There is hope that UC-Riverside’s plans for a School of Medicine will help address the region’s shortage in doctors. The school will be the first public medical school to be built in California in more than 40 years.

The coalition estimates that if Riverside County had the recommended number of physicians per capita, the $1 million generated per practice would funnel nearly $5 billion per year into the local economy.

The idea is that a local medical school will help retain physicians because there is a tendency for graduates and alumni of residency programs to stay within a radius of 50 to100 miles of where they complete their training.

Patchin, however, acknowledged that retaining doctors in a county that has some of the lowest reimbursement rates in the state could prove difficult.

“That’s why it’s hard to recruit and retain physicians when they can go to other parts of the country and have a better income,” she said. “It’s an unsustainable practice plan to try to survive on Medicare and Medi-Cal. They don’t pay enough to pay the overhead, let alone let the physician take any income out of the practice.”

Rising Demand, Diminished Funding

As the effects of the recession have taken hold in the Inland Empire, officials are worried that an overtaxed health care system — already hurt by low reimbursement rates and state cuts — could be pushed to the brink. Since 2008, the county has been forced to reduce the number of family care center visits by 30,000 due to state budget cuts, according to numbers provided by Patchin. In 2009, patient visit demand reached 175,000, but the county health system was only able to accommodate 160,000 visits. That disparity is expected to worsen this year.

Meanwhile, unemployment in the county has topped 14%, and with it, the number of the uninsured has grown.

As of 2007, 513,860 county residents, or 28% of the population, were uninsured.

Enrollment in the Riverside County Medically Indigent Services program has more than doubled to 16,644 from 8,108 since the 2007 fiscal year, according to numbers proved by Patchin.

Despite these alarming numbers, Riverside County lags well behind other counties in reimbursements for people with annual incomes below the poverty level who cannot afford health insurance.
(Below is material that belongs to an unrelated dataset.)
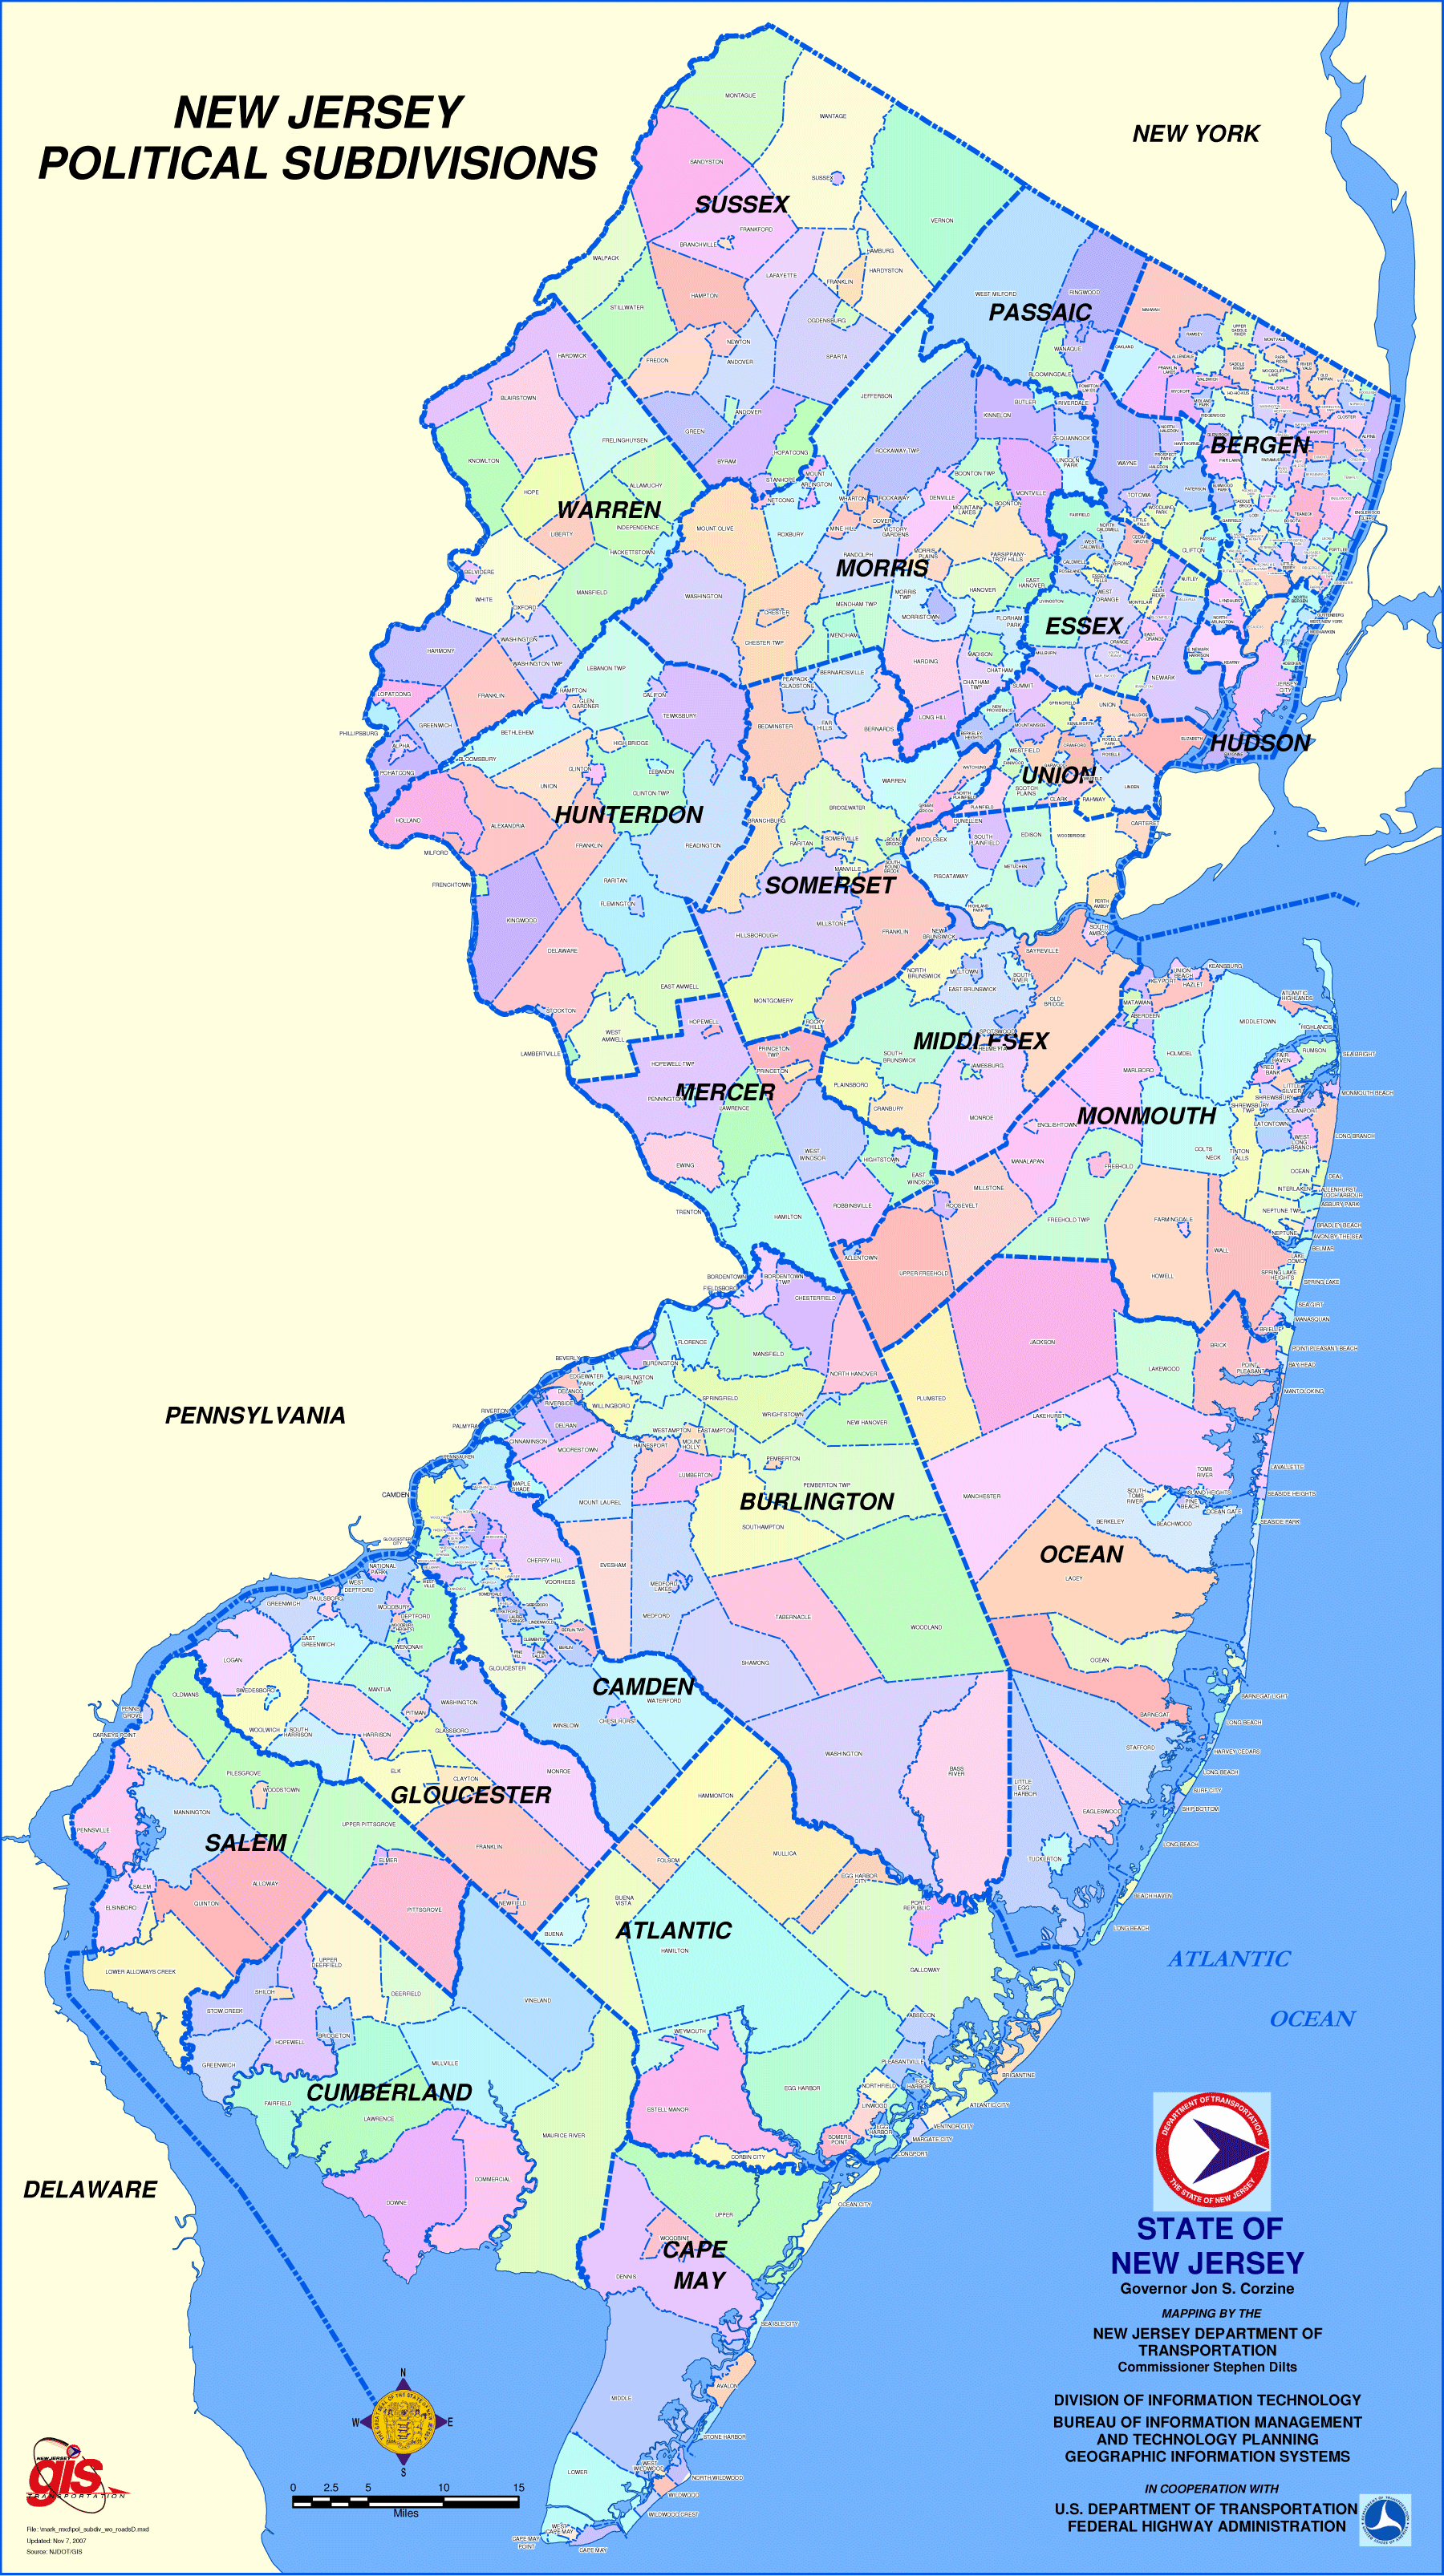 Large Map Of New Jersey State Political Subdivisions New Jersey State Usa Maps Of The Usa Maps Collection Of The United States Of America

The county is the fifth fastest growing county for people living below the federal poverty level, but ranks fourth to last in allocations for that population, Brown said. Riverside officials said they want to get ahead of the curve now by addressing reimbursement rates because health care reform is expected to further increase the number of people receiving care through the county health system.

“One of the big questions is, are we going to be able to cover … the extra demand that’s going to be unleashed by this expanded coverage in the short term?” said Riverside County Supervisor Bob Buster, a longtime advocate for healthcare access.

“In some respects the problems are going to be outlined in even sharper relief in the next couple of years,” Buster said.